Introduction to remote sensing platforms and sensors; data capture and data types.
Basic image pre-processing: noise & artefact removal, radiometric correction, atmospheric correction, geometric correction.
Simple visual and numerical enhancement techniques for digital imagery; such as contrast stretching, convolution filtering, and hard classifiers.
The theory of filter construction in the spatial and spectral domains; to include smoothing filters, edge enhancement filters and directional filters, Fourier filtering, and the problem of artefacts.
Image histogram manipulation through linear and non-linear transforms.
Visible to thermal infrared wavelength imaging.
The basic principles of microwave remote sensing and RADAR.
Photo-interpretation of aerial photographs, and analogue photogrammetric techniques.
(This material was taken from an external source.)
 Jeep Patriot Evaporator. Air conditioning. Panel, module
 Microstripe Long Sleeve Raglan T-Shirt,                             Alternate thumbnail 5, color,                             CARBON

Teaching and learning activity

A combination of lecture based teaching and lab based learning methods are employed to provide students with the necessary knowledge and opportunities to achieve the learning outcomes.
Lectures - 50% of contact
Practical Work - 50% of contact

Learning Time (1 credit = 10 hours)

Scheduled contact hours:
lectures 24
seminars 2
other practical sessions 18
examinations 3
other scheduled time
Guided independent study

Independent coursework 30
Independent laboratory work
other non-scheduled time 73
Placements (including work placement and year abroad) 0
Total hours (should add to credits * 10) 150


Coursework 1 - 20% weighting. Pass mark 50%. 1000 words. Conference style poster presentation and short talk introducing the poster. Learning outcomes 1 and 2.
Coursework 2 - 30% weighting. Pass mark 50%. All eight of the compulsory 2 hours computing practicals will have a short answer sheet, for submission within one week of the practical. These will be assessed and a combined score assigned at the end of the course. Assesses learning outcomes 3,4.5. Theory exam - 50% weighting. Pass mark 50%. 3 hour exam. Students answer 3 essay questions out of 6, related to the topics covered in the lectures and practicals. Assesses learning outcomes 1,2,3 and 4.